- **Problem details**
Could the data below please be reproduced word for word, without the pictures?

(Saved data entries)
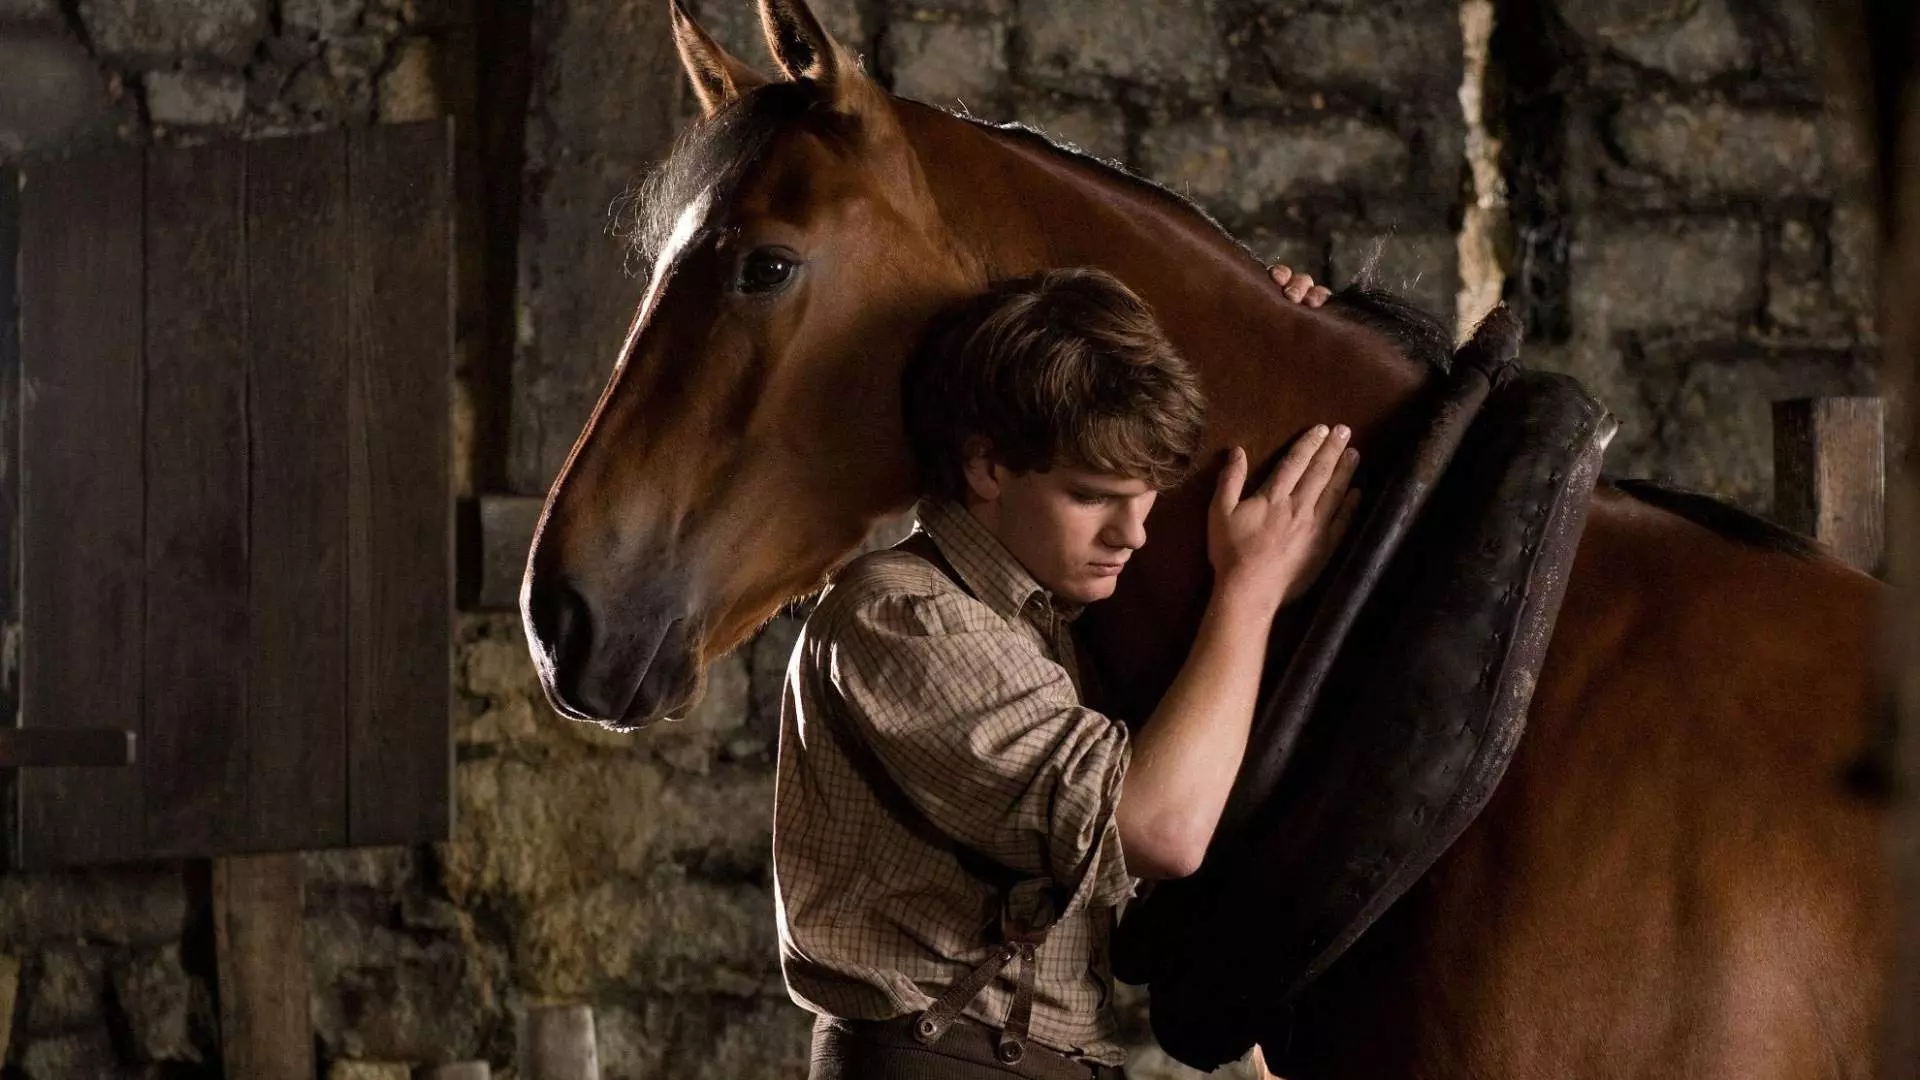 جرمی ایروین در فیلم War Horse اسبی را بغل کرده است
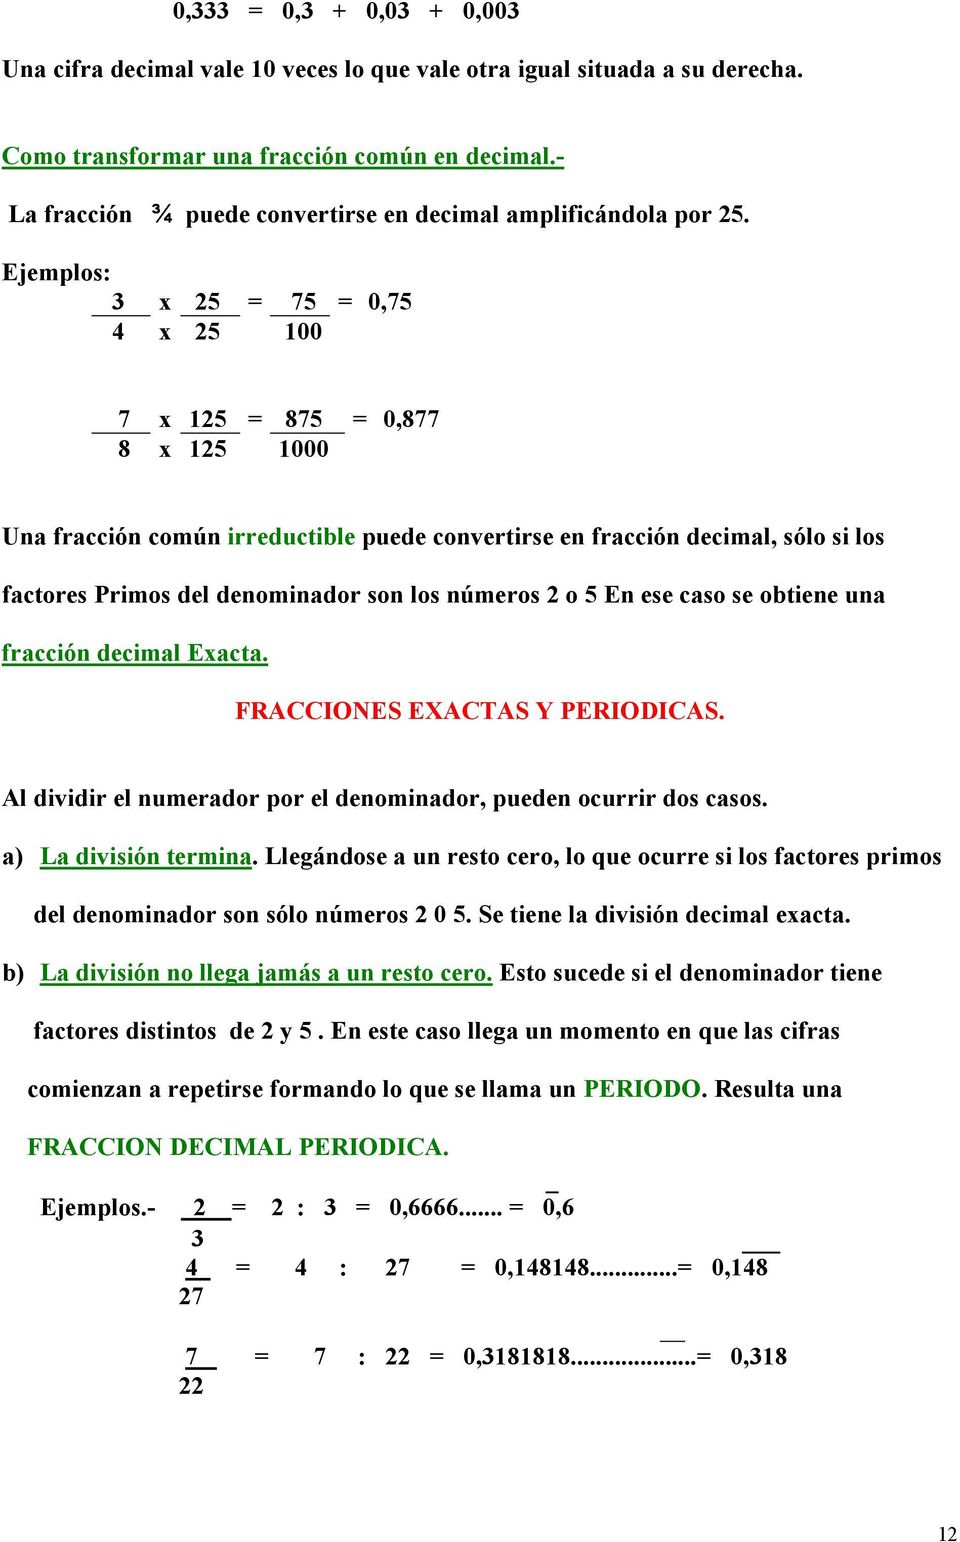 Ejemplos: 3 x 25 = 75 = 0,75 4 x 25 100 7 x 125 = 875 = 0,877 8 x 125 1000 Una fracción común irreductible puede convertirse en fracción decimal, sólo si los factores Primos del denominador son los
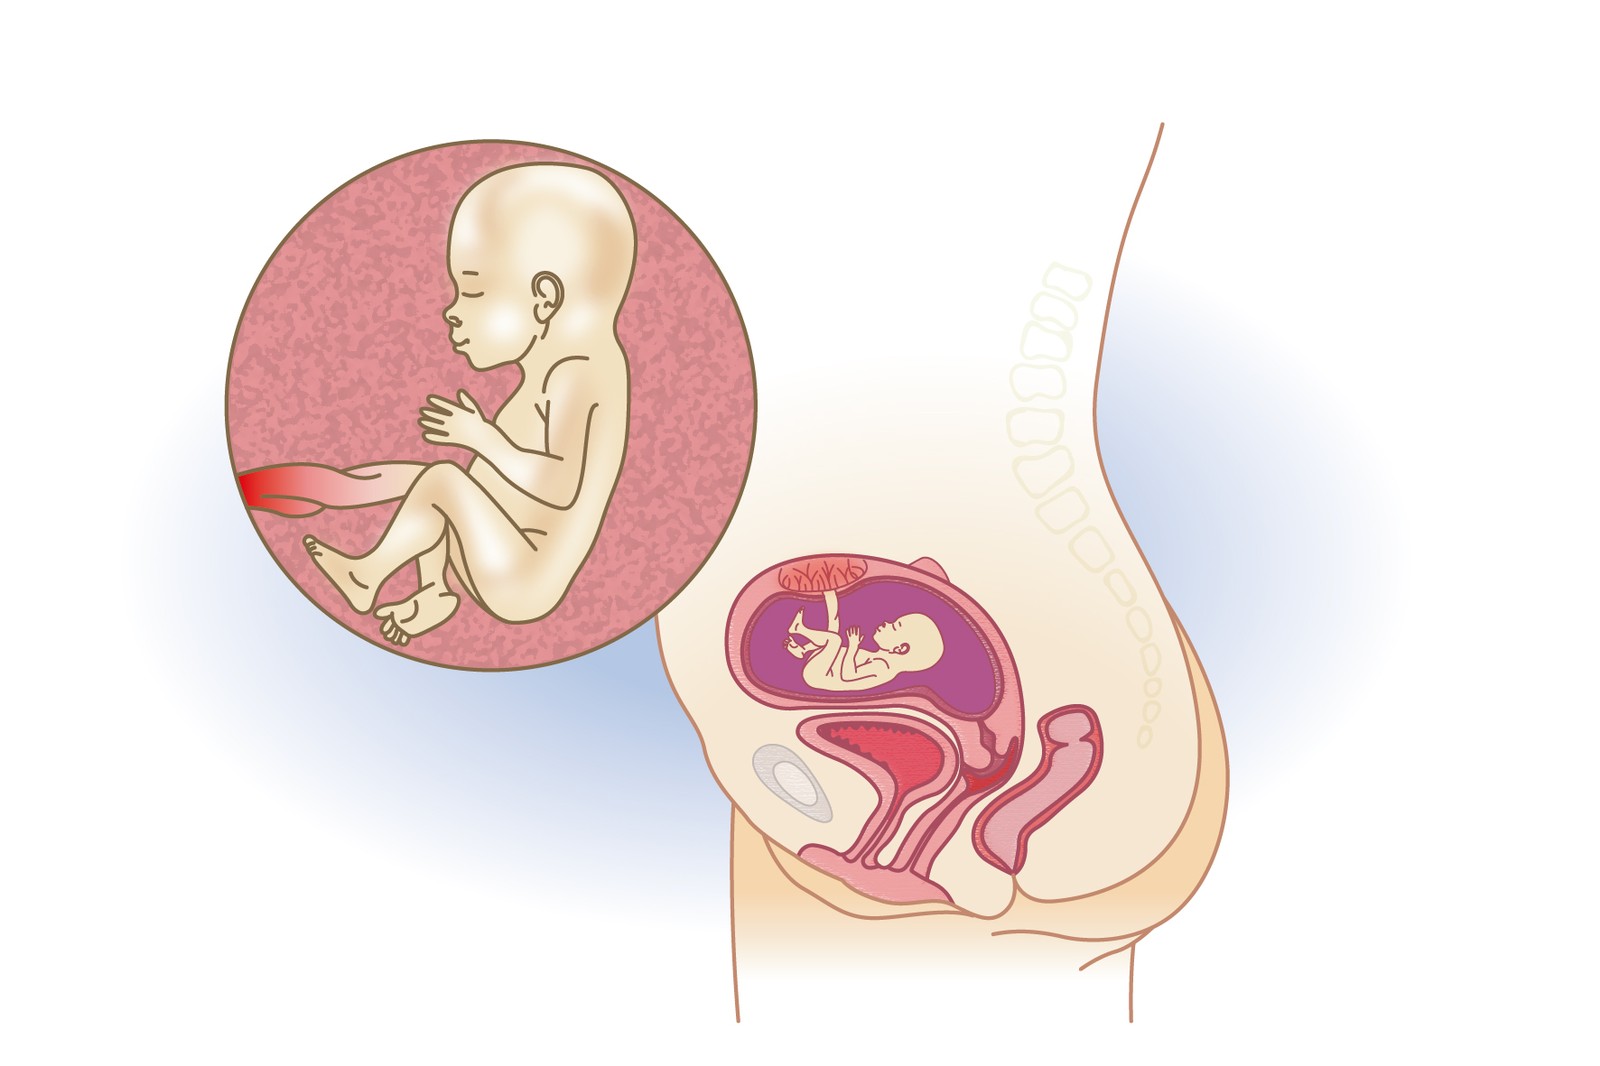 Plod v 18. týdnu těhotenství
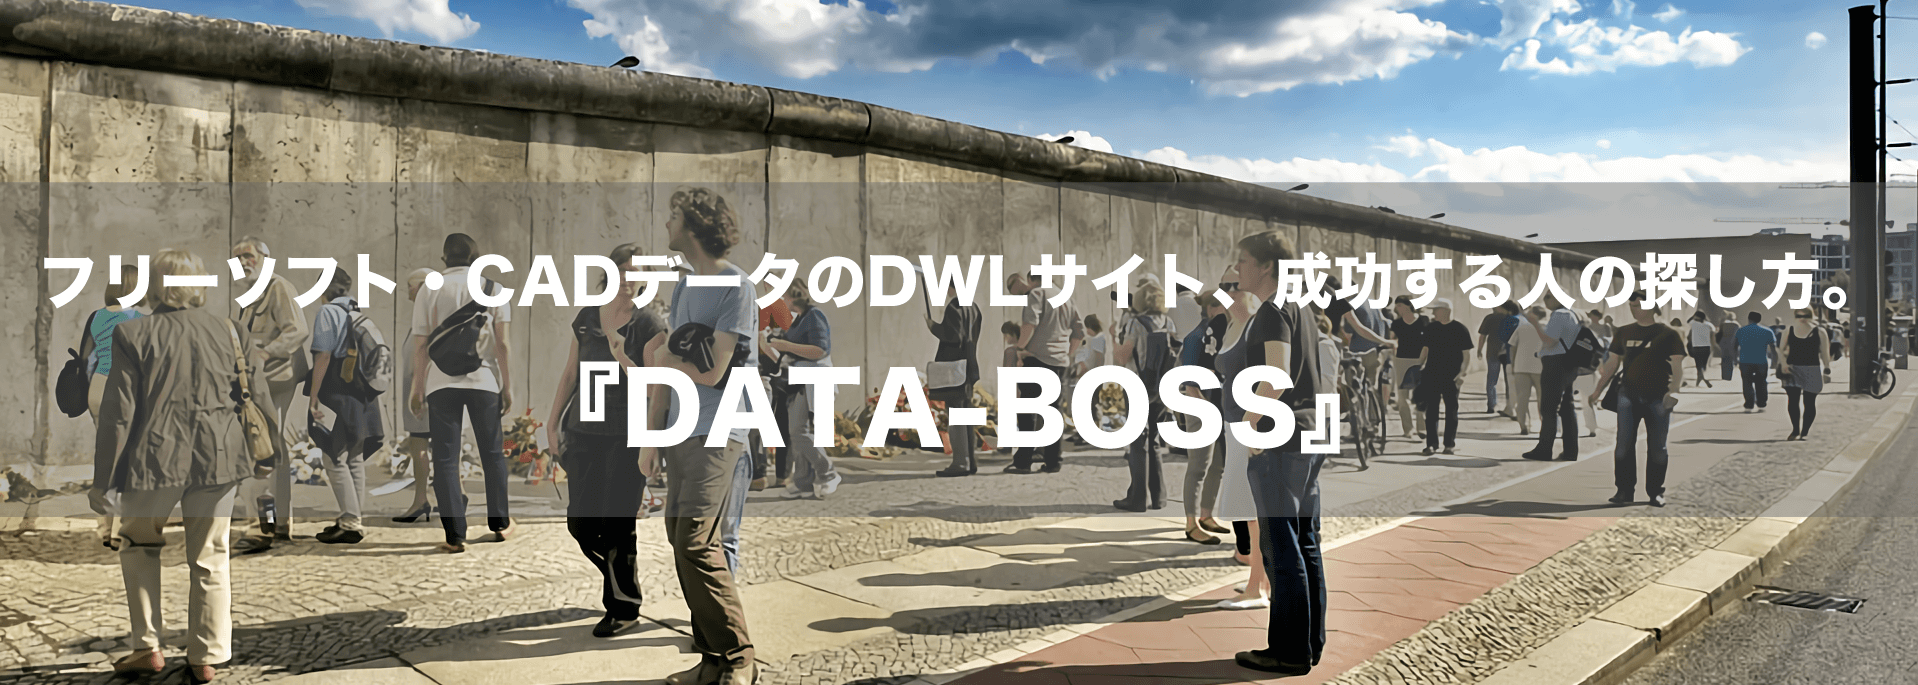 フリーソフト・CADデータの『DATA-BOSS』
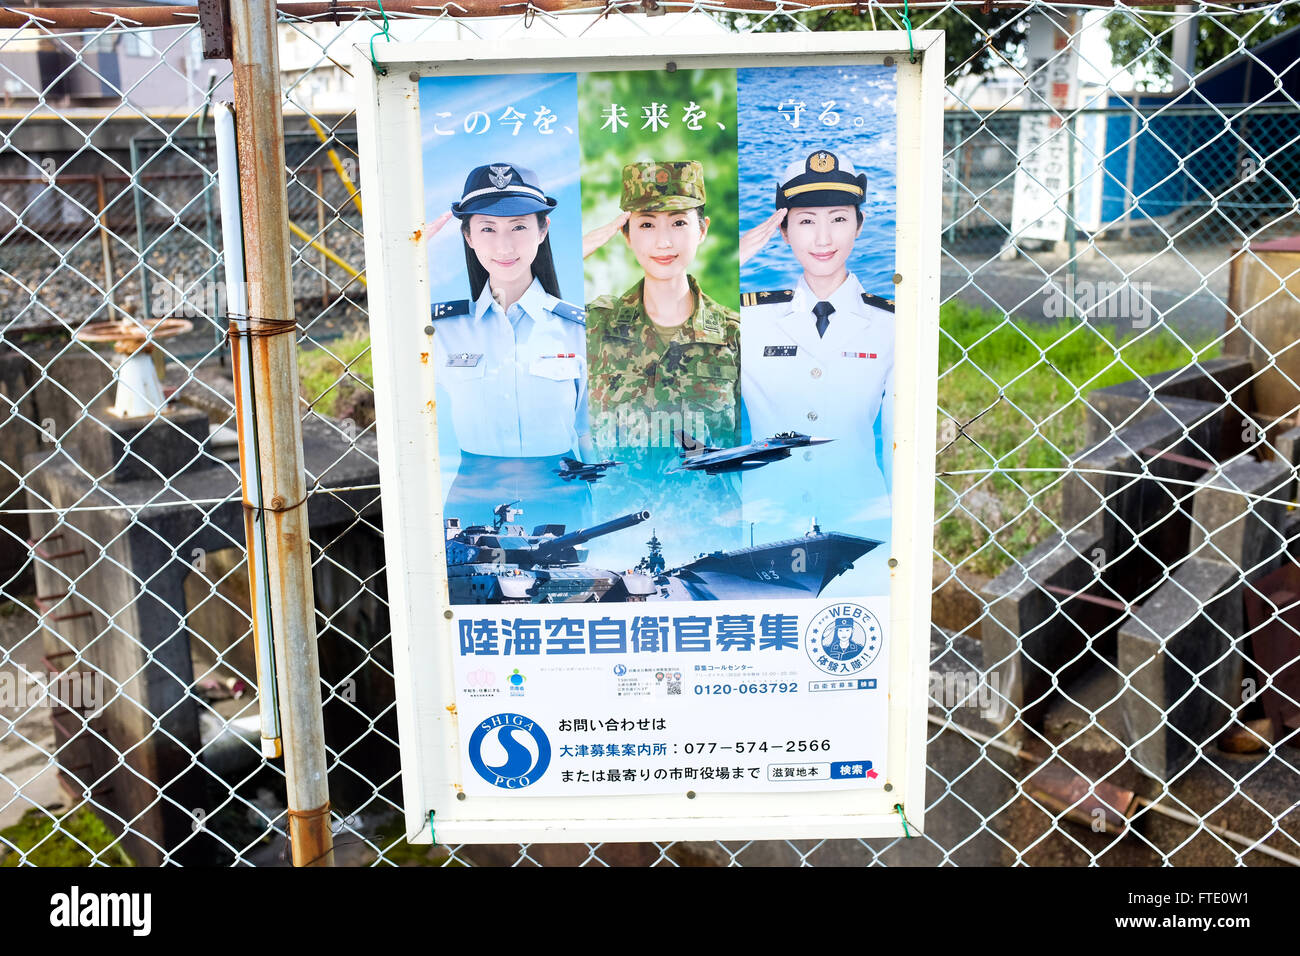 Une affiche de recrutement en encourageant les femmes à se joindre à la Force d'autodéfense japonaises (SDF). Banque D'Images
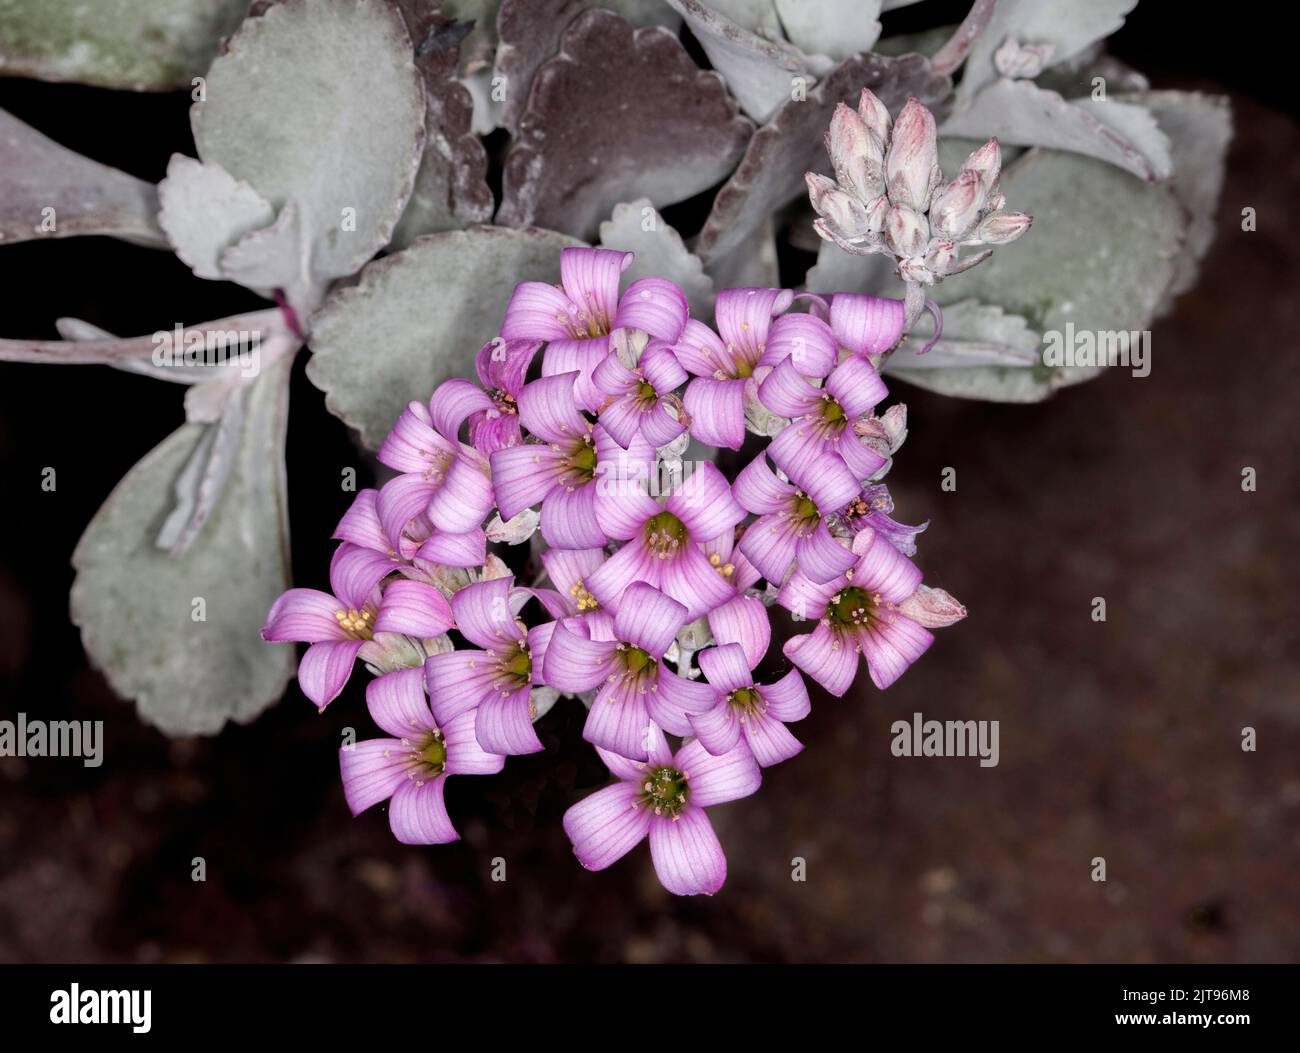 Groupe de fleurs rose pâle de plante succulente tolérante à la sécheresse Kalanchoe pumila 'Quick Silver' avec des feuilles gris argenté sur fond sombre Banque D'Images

- **Expected answer**
 جرمی ایروین در فیلم War Horse اسبی را بغل کرده است
 Ejemplos: 3 x 25 = 75 = 0,75 4 x 25 100 7 x 125 = 875 = 0,877 8 x 125 1000 Una fracción común irreductible puede convertirse en fracción decimal, sólo si los factores Primos del denominador son los
 Plod v 18. týdnu těhotenství
 フリーソフト・CADデータの『DATA-BOSS』
 Une affiche de recrutement en encourageant les femmes à se joindre à la Force d'autodéfense japonaises (SDF). Banque D'Images
 Groupe de fleurs rose pâle de plante succulente tolérante à la sécheresse Kalanchoe pumila 'Quick Silver' avec des feuilles gris argenté sur fond sombre Banque D'Images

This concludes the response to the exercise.